A Regular Expression (RegEx) is a sequence of characters that defines a search pattern. Python has an inbuilt ‘re’ module to handle the same.

Before starting with the re-module, let's understand the difference between normal string and raw string as we are going to use raw string with the ‘re’ module.

Python raw string is created by prefixing a string literal with ‘r’ or ‘R’. Python raw string treats backslash (\) as a literal character. This is useful when we want to have a string that contains backslash and don’t want it to be treated as an escape character.

let's see the difference in the below code.

#Print with Normal String

print('\tName')

#Print with Raw String

print(r'\tName')Output-
   Name
\tName

So in the above example,\t is considered as a tab but in raw string, it will be printed as ‘\t’ only.

To work with regular expressions, first, we need to create a pattern, that will find our desired match than using finditr() method we will perform the operations, let's check the below code.

import re

sentence = 'My little son now has started learning abc in school'
pattern = re.compile(r'abc')
matches = pattern.finditer(sentence)

for match in matches:
    print(match)
Output-
<re.Match object; span=(39, 42), match='abc'>

In the above example, we have written a pattern that will match the small ‘abc’. and in this string ‘abc’ will present on index number starting from 39 till 42. So it will return the match with the index number.

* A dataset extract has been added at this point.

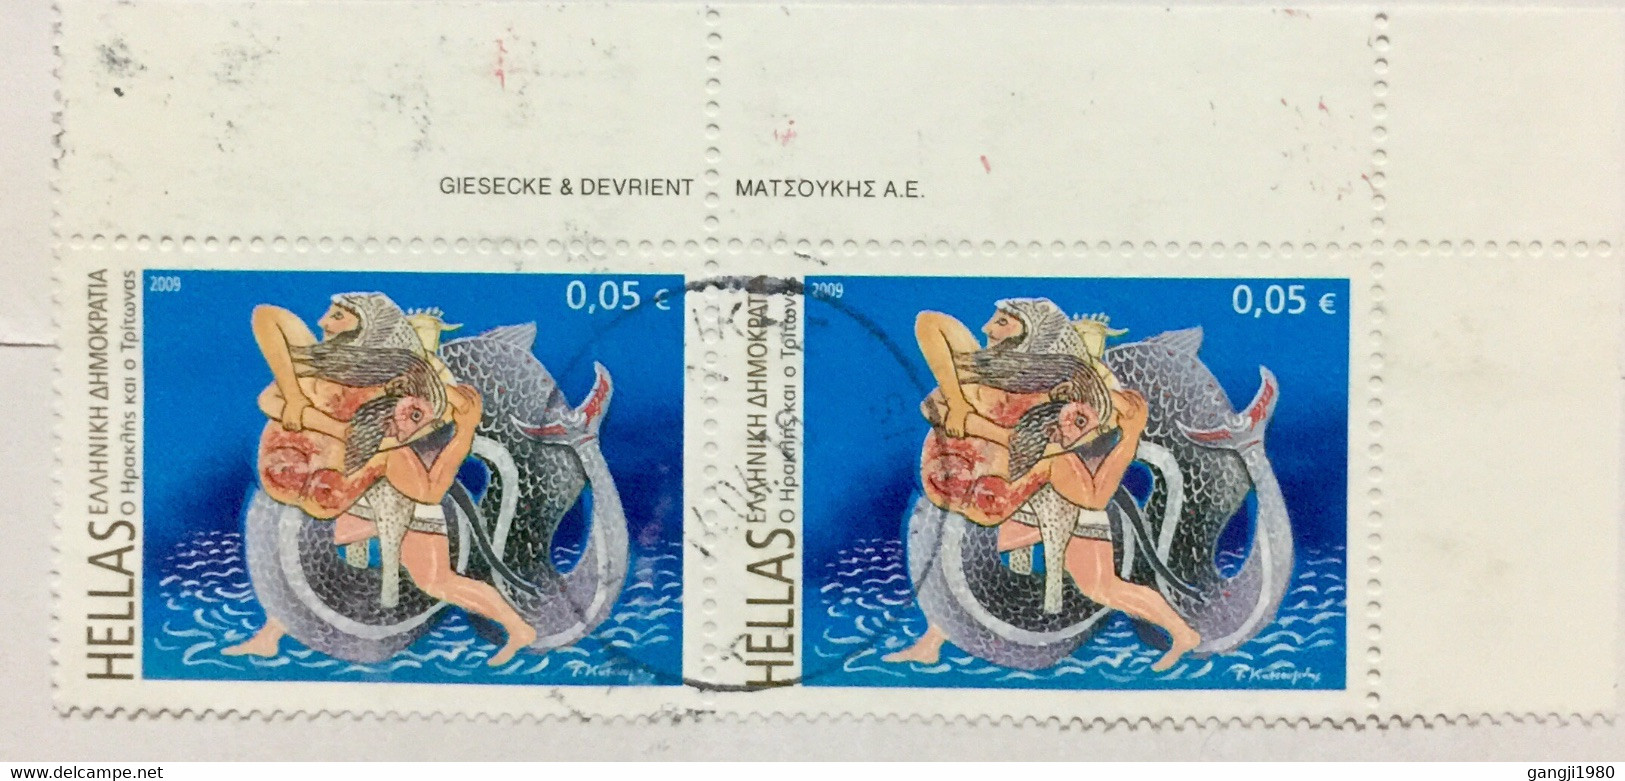 GREECE 2009, USED 4 STAMPS REGISTERED COVER TO U.K ,SHIP BALLON ,EUROPA,ART ,FISH,MAN ,WOMEN,PAINTING ART ,SEA ,WATER ,T - Cartas & Documentos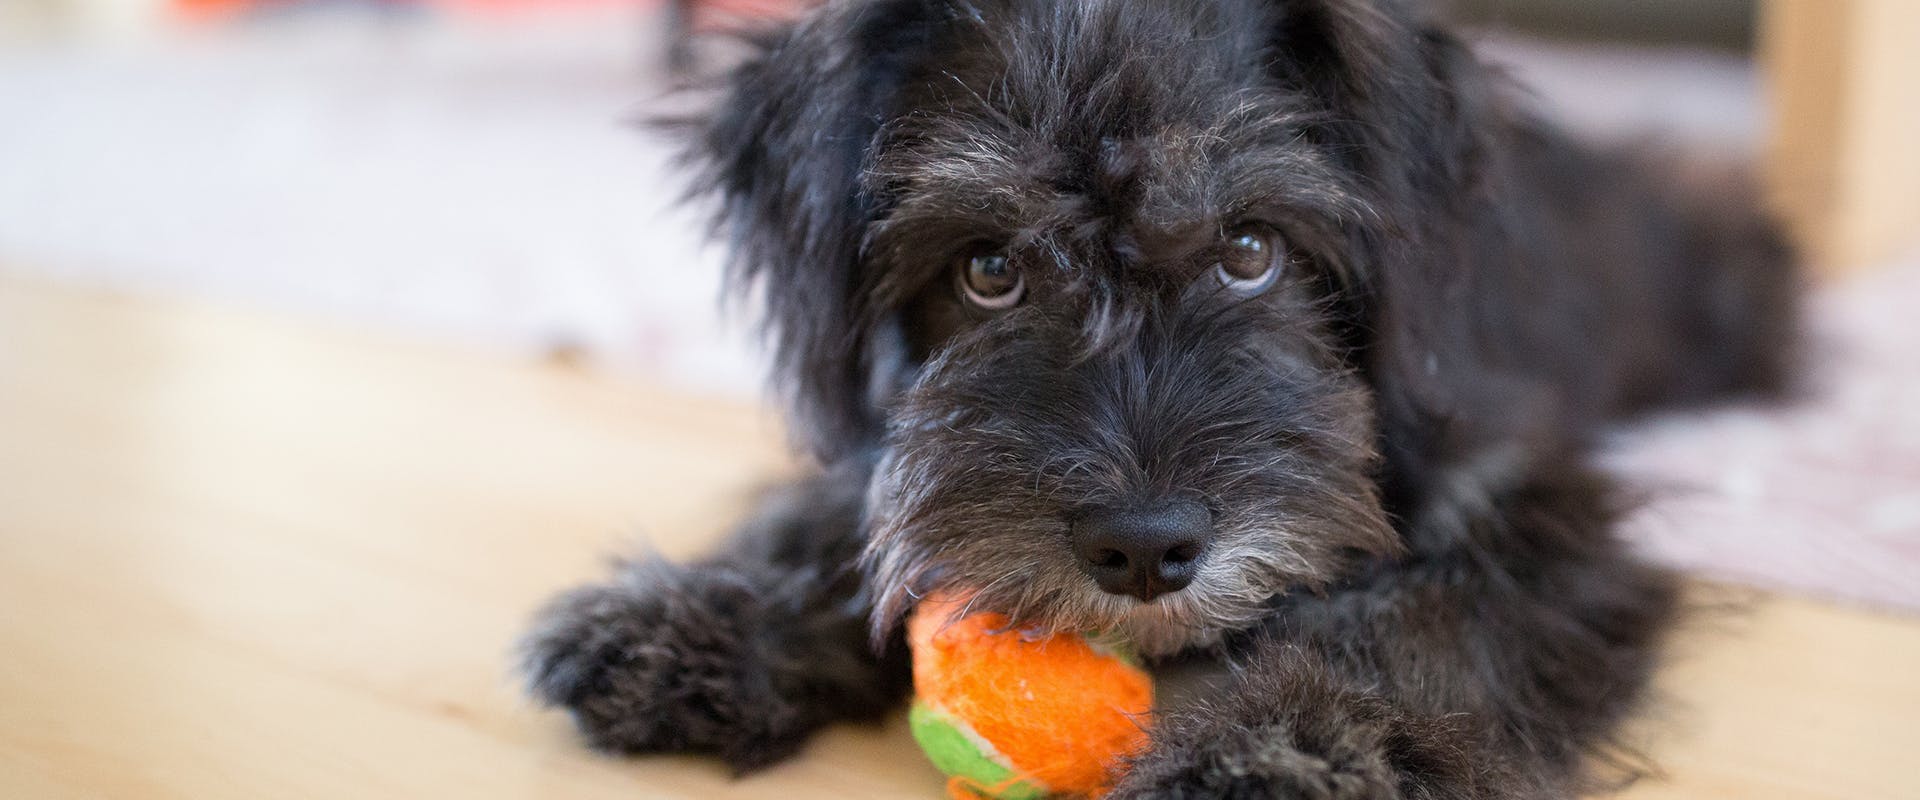 A Newfypoo puppy with a bright orange tennis ball in its mouth

Below is the list of all the patterns.

Let's explore a few patterns one by one. ‘.’ matches any character except a new line.

import re

sentence = 'school'
pattern = re.compile(r'.')
matches = pattern.finditer(sentence)
for match in matches:
    print(match)
Output-
<re.Match object; span=(0, 1), match='s'>
<re.Match object; span=(1, 2), match='c'>
<re.Match object; span=(2, 3), match='h'>
<re.Match object; span=(3, 4), match='o'>
<re.Match object; span=(4, 5), match='o'>
<re.Match object; span=(5, 6), match='l'>

‘\d’ used to match only digits between 0–9. below is the same code.

import re

sentence = 'school123'
pattern = re.compile(r'\d')
matches = pattern.finditer(sentence)
for match in matches:
    print(match)
Output-
<re.Match object; span=(6, 7), match='1'>
<re.Match object; span=(7, 8), match='2'>
<re.Match object; span=(8, 9), match='3'>

Oppositely ‘\D’ used to match Not a Digit. In Regular expressions, capital letters negate the operation that a small letter is performing.

import re

sentence = 'school123'
pattern = re.compile(r'\D')
matches = pattern.finditer(sentence)
for match in matches:
    print(match)
Output-
<re.Match object; span=(0, 1), match='s'>
<re.Match object; span=(1, 2), match='c'>
<re.Match object; span=(2, 3), match='h'>
<re.Match object; span=(3, 4), match='o'>
<re.Match object; span=(4, 5), match='o'>
<re.Match object; span=(5, 6), match='l'>

‘\b’ is used to check word boundary and ‘\B’ for not a word boundary. Word boundaries are especially handy when it is necessary to match a sequence of letters or digits on their own. Or it is useful when you want to ensure that they happen at the start or the end of the sequence of characters.

import re

sentence = 'school schoolschool'
pattern = re.compile(r'school\b')
matches = pattern.finditer(sentence)

for match in matches:
     print(match)
Output-
<re.Match object; span=(0, 6), match='school'>
<re.Match object; span=(13, 19), match='school'>

It matches the school two times as the second school does not contain space at the end of the string.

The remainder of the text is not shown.